A GPU-accelerated library containing highly optimized building blocks and an execution engine for data processing to accelerate deep learning training and inference applications.
https://docs.nvidia.com/deeplearning/dali/user-guide/docs/index.html
Apache License 2.0
5.16k stars 622 forks source link

Pythonic FITS reader #1273

Open mrocklin opened 5 years ago

mrocklin commented 5 years ago

I'm copying over an issue from https://github.com/rapidsai/cudf/issues/2821 by @profjsb . Hopefully this is in-scope for DALI.

This is a request for a GPU FITS reader. Such a reader will be a welcomed and critical component as the community starts to transition data pipelines from CPU- to GPU-centric workflows.

The common image exchange format in astronomy is FITS (Flexible Image Transport System) and there are well-supported CPU-centric packages for reading (and writing) FITS, such as PyFITS (https://pythonhosted.org/pyfits/) and astropy.io (https://docs.astropy.org/en/stable/io/fits/). As part of many data pipelines, it is common to read FITS files from disk, combine and manipulate the images/spectra (as operations on numpy arrays, e.g.), and then write the results back to disk. The reduction pipeline pypeit (https://github.com/pypeit/PypeIt/tree/master/pypeit) is a good example package to see the end-to-end manipulation of FITS files for science.

With the relatively recent introduction of neural network-based steps for astronomical image processing (e.g., we have a package called deepCR, https://github.com/profjsb/deepCR, https://arxiv.org/abs/1907.09500) the best practice when wanting to use GPUs currently is to read FITS data from disk, push the data to a GPU Tensor in pytorch, apply machine learning models, then convert the Tensor back to a CPU-based numpy array.

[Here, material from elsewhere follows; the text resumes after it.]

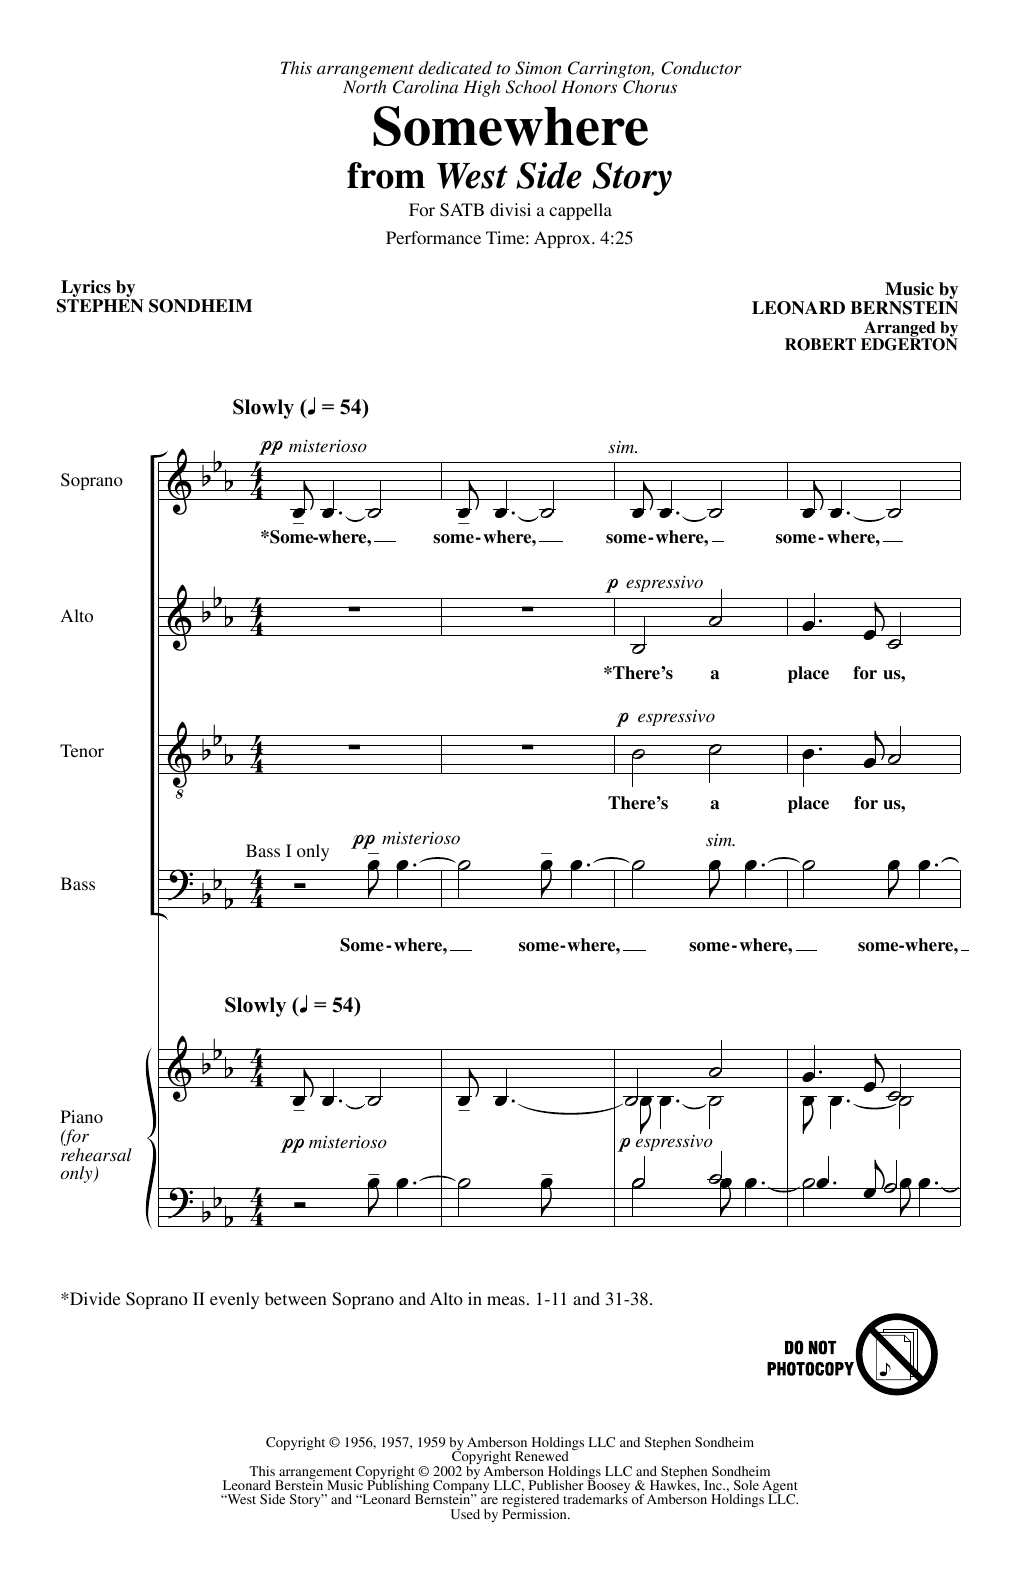 Leonard Bernstein Somewhere (from West Side Story) (arr. Robert Edgerton) Sheet Music Notes & Chords for SATB Choir - Download or Print PDF

This roundtrip adds overhead. We'd like to be able to read FITS files directly to a GPU Tensor in pytorch (and the like). Of course writing FITS files directly from GPU Tensors would be a next step.

If a FITS reader is developed that can easily lead to the construction of a tensor variable on the GPU, this will open up our community to develop entirely GPU-based image processing pipelines. Much of our manipulations on images are very amenable to the massive parallelism afforded by GPUs. As someone leading an astronomy-meets-machine-learning group at UC Berkeley, I'm personally excited about this as we start to make use of GPU-based clusters, such as the new "Perlmutter" system at NERSC (https://www.nersc.gov/systems/perlmutter/).

cc @profjsb @datametrician @jakirkham

awolant commented 5 years ago

Hi, thanks for the question.

We will look into this.

rcthomas commented 3 years ago

Hi there, I was wondering if there might be a status update on this issue?

JanuszL commented 3 years ago

Hi @rcthomas,

I'm sorry to say but this is not on our mid-term roadmap. However, if there is anyone in the community willing to contribute such functionality we would be more than happy to support such an effort.

JanuszL commented 10 months ago

Hi @mrocklin,

There is an experimental support added, please check the fits reader that is available now.